→ **WHAT THIS TASK INVOLVES**
Given these entries, repeat exactly the lines starting with the one that has "<strong>Baltimore Ravens</strong><br>" and going on through the one that has "kein Retired Jersey<br><em>Kandidaten", both included, but none of the pictures.

→ **PROVIDED RECORDS**
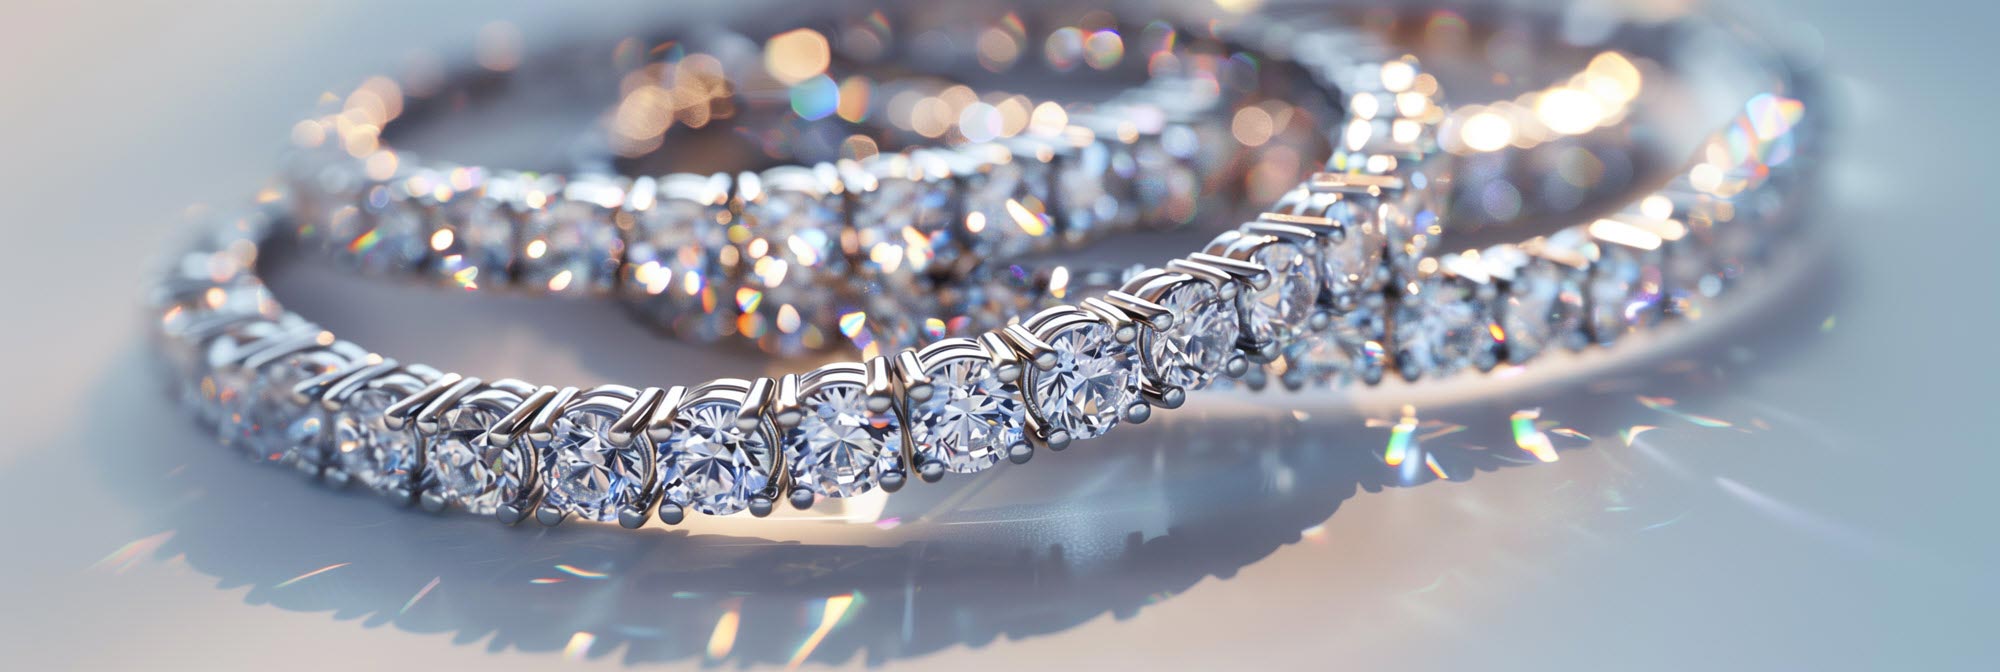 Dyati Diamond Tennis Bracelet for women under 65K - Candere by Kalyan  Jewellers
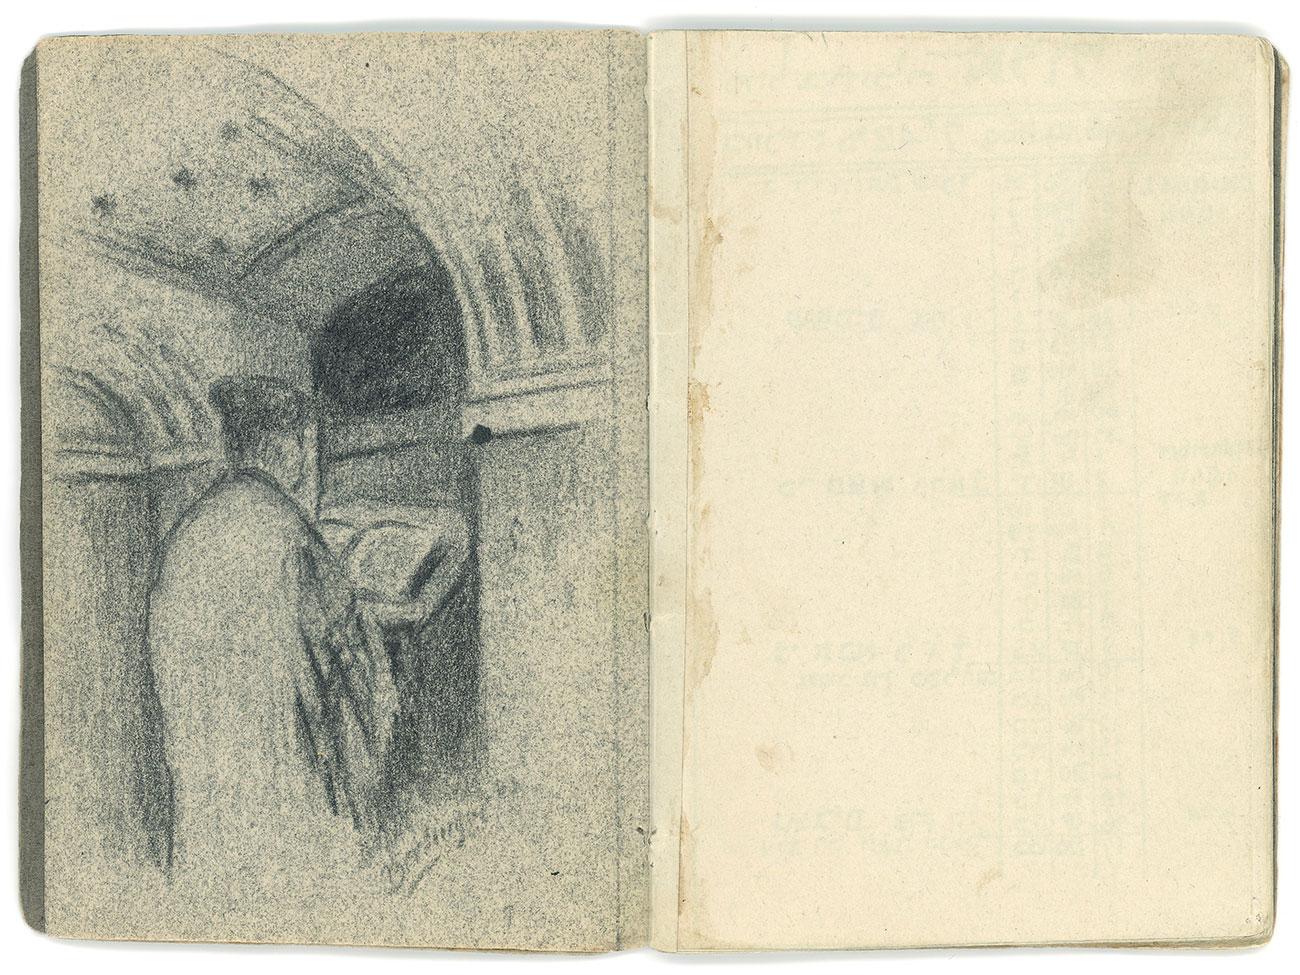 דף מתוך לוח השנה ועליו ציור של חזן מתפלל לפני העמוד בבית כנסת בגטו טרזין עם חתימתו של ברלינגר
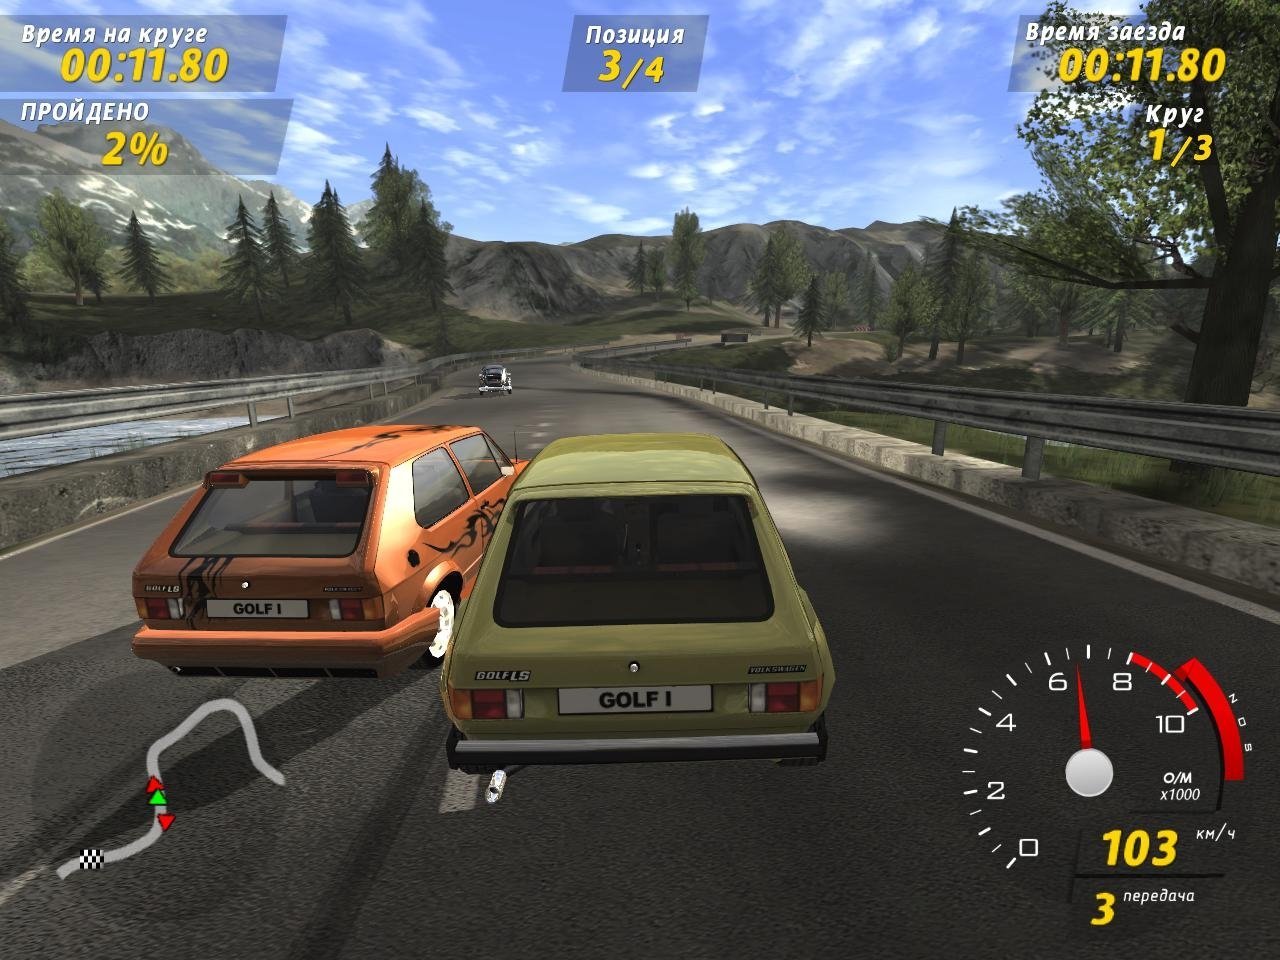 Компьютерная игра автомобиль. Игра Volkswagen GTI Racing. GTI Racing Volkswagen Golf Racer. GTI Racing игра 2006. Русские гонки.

* * *

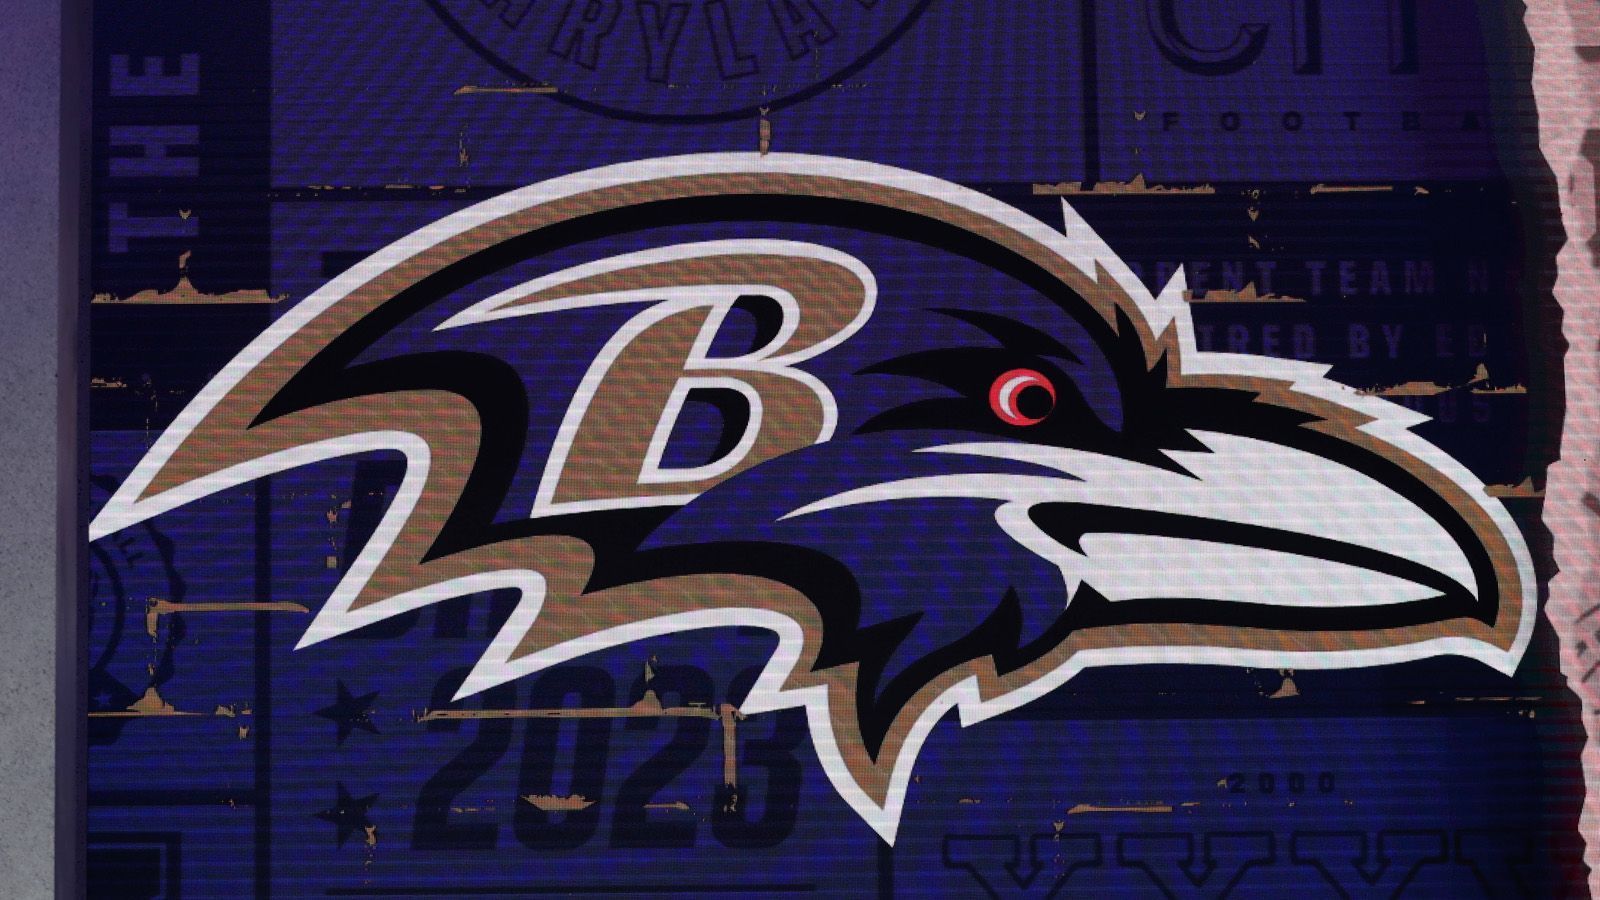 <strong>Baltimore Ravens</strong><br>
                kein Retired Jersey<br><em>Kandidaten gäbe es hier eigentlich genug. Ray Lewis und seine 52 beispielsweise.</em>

→ **SOLUTION TO THE EXERCISE**
 <strong>Baltimore Ravens</strong><br>
                kein Retired Jersey<br><em>Kandidaten gäbe es hier eigentlich genug. Ray Lewis und seine 52 beispielsweise.</em>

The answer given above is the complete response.